Gattaro—“cat man”—was not among the many titles Leonardo collected during his one (known) lifetime. Had he stuck around for nine of them, however, his affinity for felines might be better remembered. Marina Alberghini thinks so, anyway. A Florentine writer who in 2009 received the city’s highest civilian honor, the Fiorino d’Oro, she’s an essayist, painter, biographer, engraver and self-described feline historian; her latest book Gatti e Artisti (Cats and Artists, 2019, Mursia Editore) was published in February and contains a chapter on Vinci’s virtuoso-of-many-trades titled La Gatta Senza Nome—the nameless cat. “That Leonardo loved cats is not a mystery,” Martina writes. “Among the many cats he kept, there was one whose name we don’t know that he studied closely, observing in his notes the contractions of its pupils and the agility of its limbs.” She later quotes a bumper sticker-suited one-liner attributed to Leonardo: Even the smallest feline is a masterpiece of nature.

Vitruvian cat / Illux by Leo Cardini

The book is just the latest example of Marina’s longtime work as president of the Accademia dei Gatti Magici (the Academy of Magical Cats), headquartered in a villino—her home—in the Fiesole woods (tell her you’re arriving on foot and she’ll laughingly urge you, “Take a car, I’m in the forest.”) Founded in 1992 by Marina’s late husband, the Academy is the only known research association of its kind in not just the West, but the whiskered world at large.

The Academy’s jasmine-lined entryway is flanked by two plump, protective tomcat sculptures, standing guard like miniature present-day incarnations of Mesopotamian lamassu. Inside lives Marina with her 15 felines and two tail-wagging dogs, the canines apparently content with their second-class status. Lest you mistake it for an animal shelter in fancy clothing, the Academy has published a host of scholarly texts and regularly holds town hall-backed gatherings in the civic library of Fiesole. Its manifesto exalts both the companionable and cosmic qualities of felines, citing their roles in religion, literature, mythology and art, from the ancient Egyptian goddess Bastet to the words of Bohemian poet Rainer Maria Rilke: Life plus a cat…adds up to an incalculable sum.

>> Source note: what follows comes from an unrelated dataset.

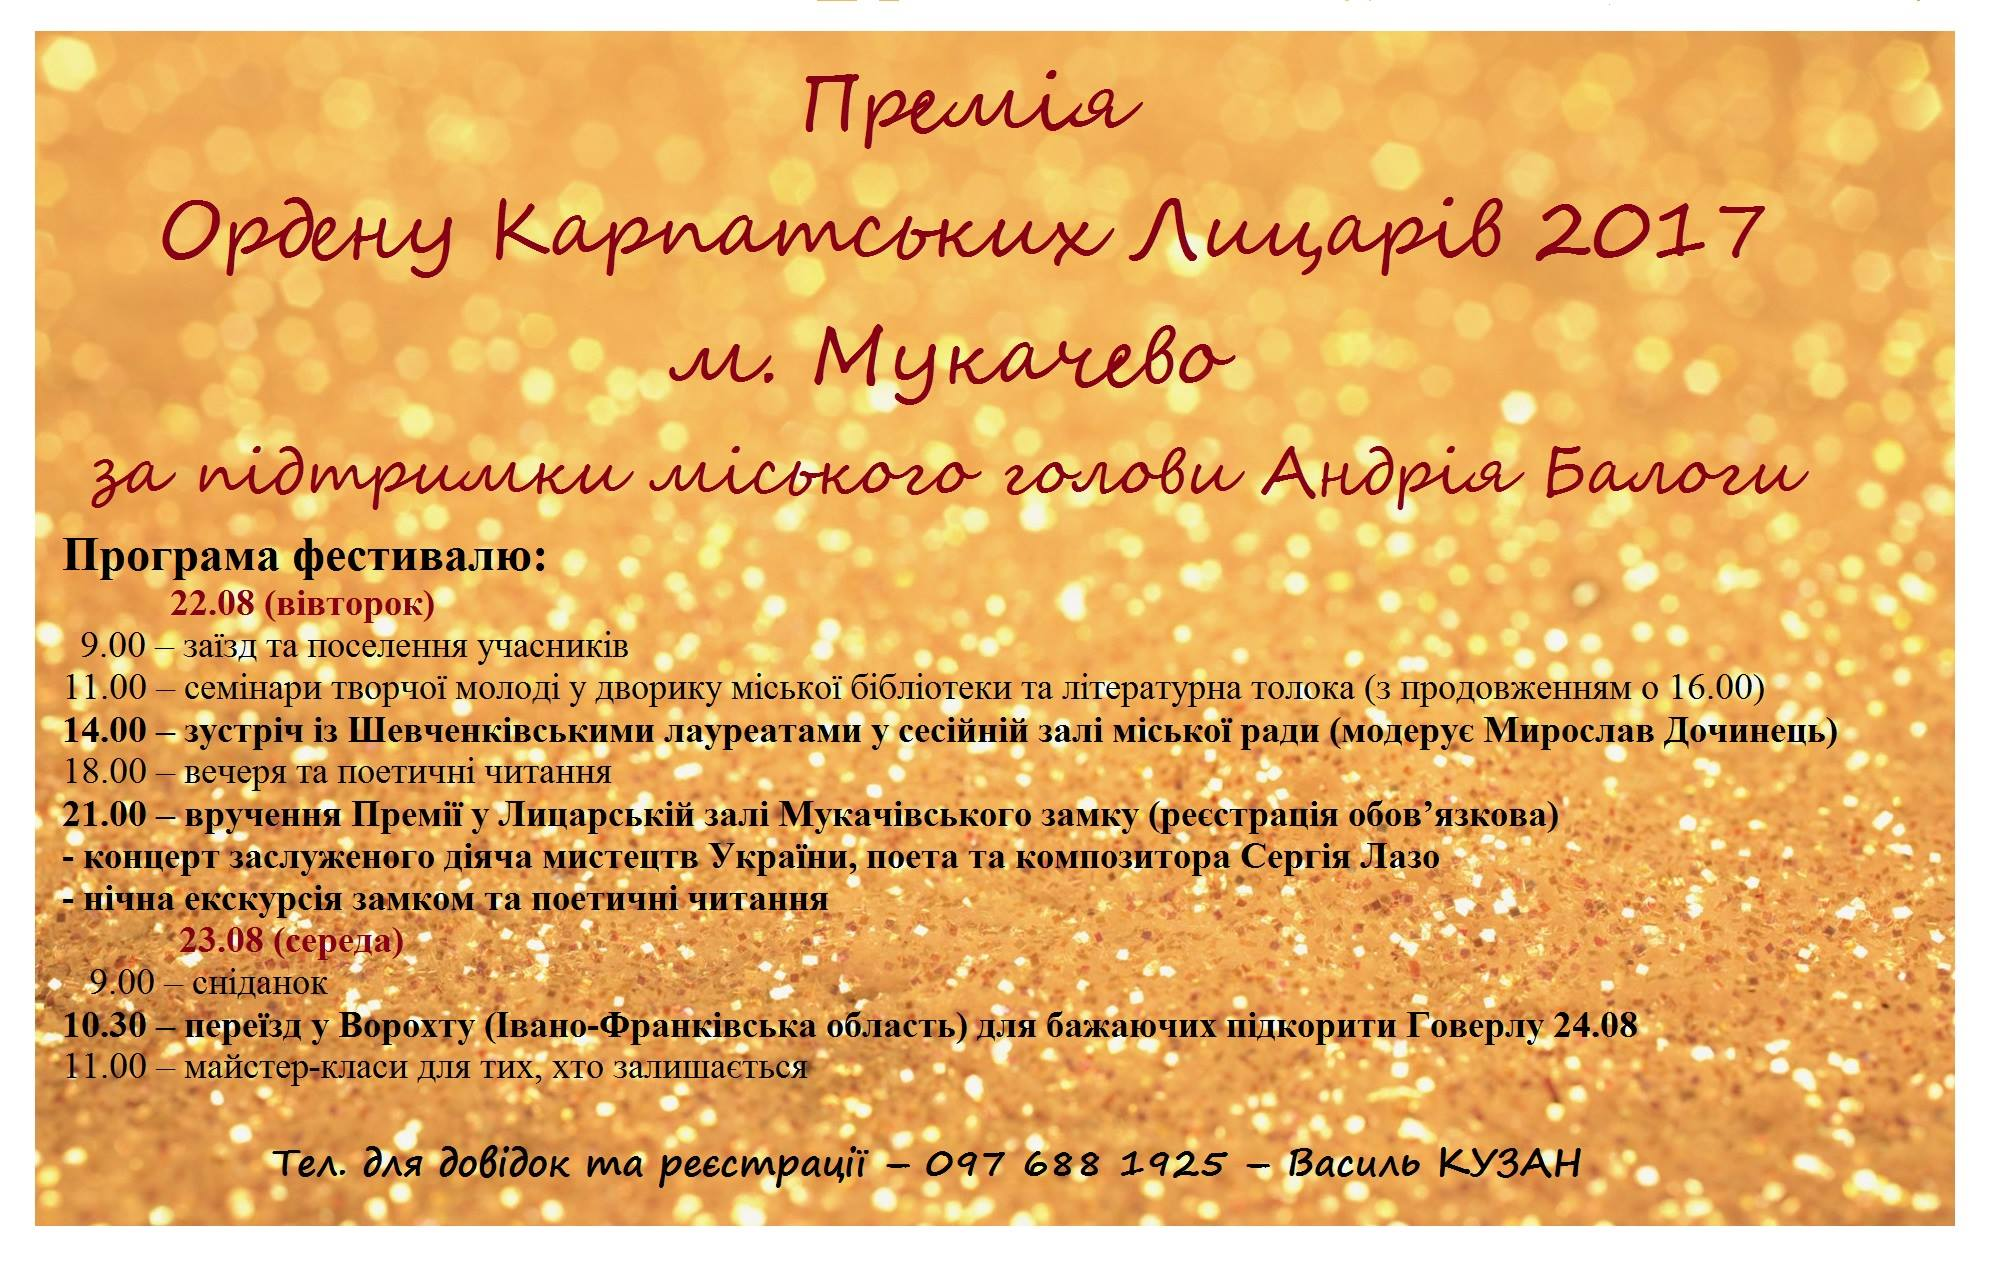 Вручатимуть премію 22 серпня, о 21:00 в Лицарській залі  замку «Паланок».

Marina, her board (there’s a board) and the Academy’s partners—the Municipality of Fiesole among them—are currently preparing for Maggio Felino (“Feline May”), an annual awards ceremony celebrating “promoters of cat culture”, set for May 31 this year. Journalists, veterinarians, scholars, animal rights activists, shelter volunteers and even jewelry designers are among the prize’s past recipients; were he alive today, Leonardo might very likely be one of them.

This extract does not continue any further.